The NGO Human Rights Watch (HRW), which specializes in monitoring the international human rights situation, has asked the Bangladeshi authorities to investigate the detective division of the National Police, accused in recent weeks of forced disappearances and torture.
HRW is particularly concerned about the case of shopkeeper Mohamed Rabiul Islam, who died in custody after being subjected to torture, as denounced at the time by Bangladeshi activists. The shopkeeper’s death sparked a wave of protests in the town of Gazipur. Police maintain that he died after being run over by a truck.
Lawyer Abu Hosain Rajon complained on 29 January that he had been subjected to torture by the detective division, as had journalist Raghunath Kha a week earlier, who claimed that the detectives had electrocuted him with tongs attached to his earlobes and beaten him with sticks on the soles of his feet.

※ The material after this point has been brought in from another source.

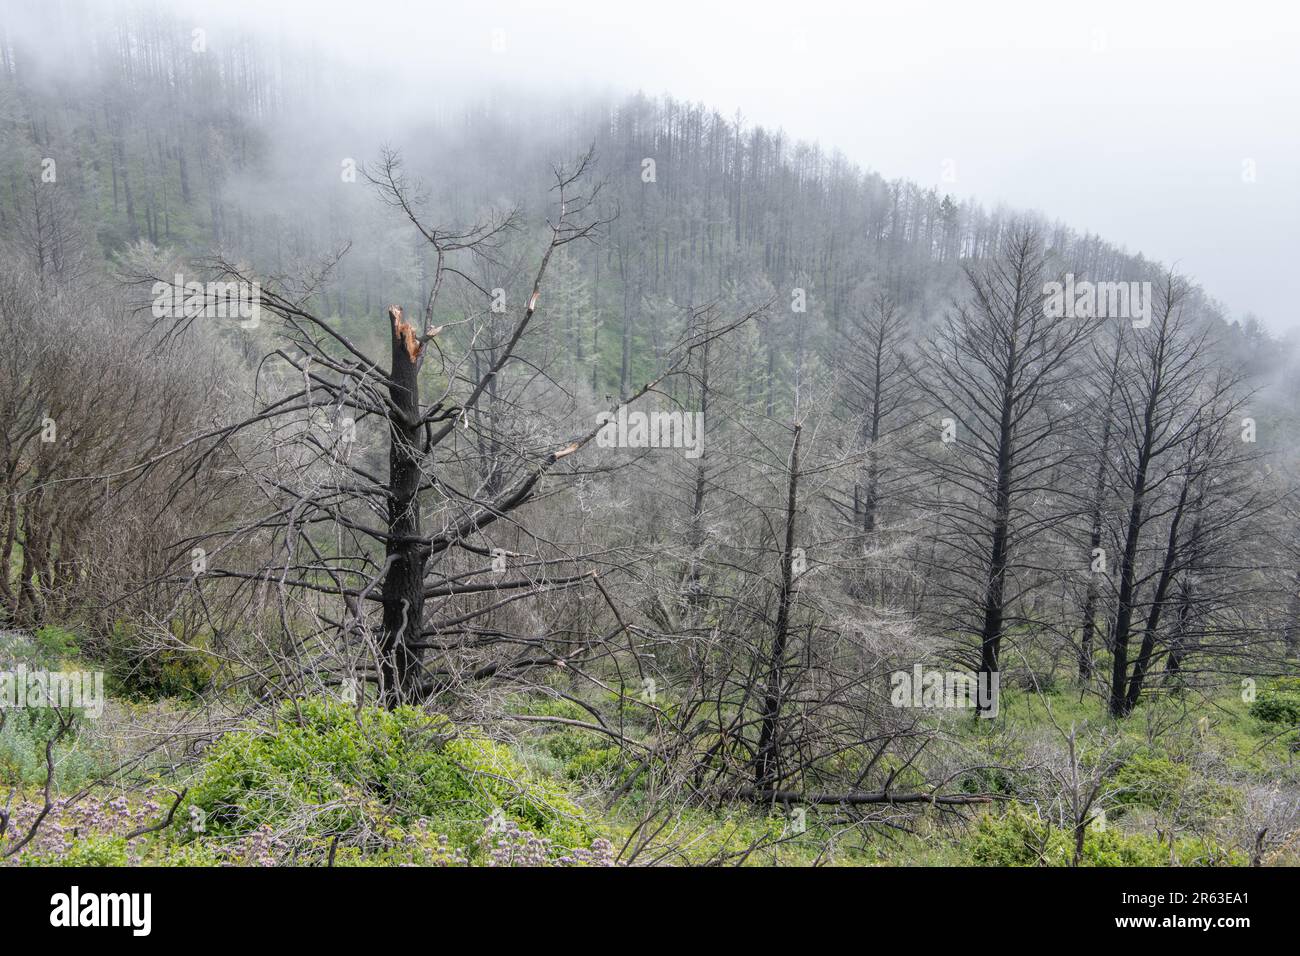 After the Woodward forest fire in California, many charred trees remain but the environment begins to heal as the understory grows. Stock Photo

Police have denied that the lawyer had been detained and denied the reporter’s allegations, the latest in a list of alleged abuses by detectives, according to HRW.
The NGO recalls that, in July 2019, the UN Committee against Torture described the Bangladesh Police as «a state within a state» able to «operate with impunity and zero accountability. There is only one recorded conviction for torture of a member of the security forces in the last decade.
HRW accuses Bangladesh of having ignored all the recommendations of the UN committee, such as the participation of independent monitors in all detention centers, as well as the launching of investigations into all the complaints filed, particularly in view of the general elections scheduled for early 2024.